The Euthalian Apparatus is a collection of additional editorial material, such as divisions of text, lists, and summaries, to the New Testament's Book of Acts, Catholic epistles, and Pauline epistles. This additional material appears at the beginnings of books, in the margin of the text, and at the ends of books, as well as in line and paragraph separations. This material is traditionally associated with the name of Euthalius.

== Description ==
Euthalius divided the text of the Acts and catholic epistles into chapters, with a summary of contents at the top of each chapter. To Euthalius were also referred a division of the Acts into 16 αναγνωσεις (lessons) and of the Pauline epistles into 31 sections. But these lessons are quite different. Euthalius prepared also the text of the Acts and Epistles in which text is written stichometrically.
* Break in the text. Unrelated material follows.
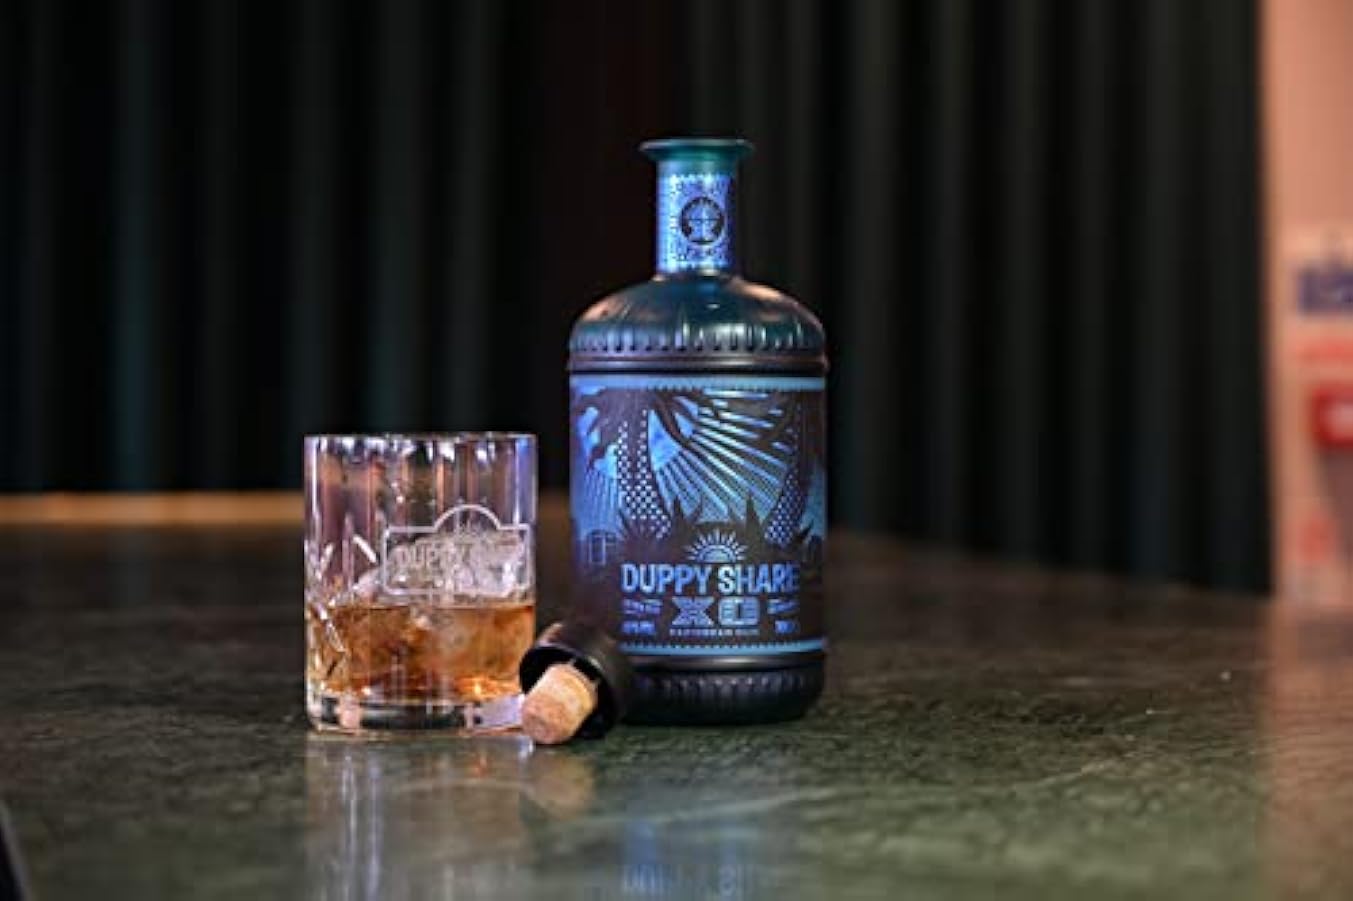 The Duppy Share - XO, Blend Composto Da 100% Rum di Barbados, Pensato per la Degustazione e per Cocktail Complessi, 40% Vol, Bottiglia in Vetro da 700 ml 955324578

To the Euthalian Apparatus belong: a chronology of the Apostle Paul, the martyrdom of Paul, a list of places at which the Epistles were thought to be written, and the names associated with Paul in the headings to the Epistles. The quotations from the Old Testament cited in the Pauline epistles are numbered and catalogued in a list. Overall, the Apparatus is a collection of varied aids for the reader.

The Euthalian Apparatus is contained in numerous manuscripts: Codex Mutinensis, Codex Basilensis A. N. IV. 2, Codex Argenteus, Minuscule 3, 5, 6, 35, 38, and many other medieval manuscripts of the New Testament.

== Dating ==
The Euthalian apparatus has been dated variously to between the 4th and 7th centuries.

James Marchand gave the opinion that the Euthalian apparatus probably dated to the first half of the 4th century, arguing that the original must precede its incorporation into Gothic, Armenian, and Syriac translations.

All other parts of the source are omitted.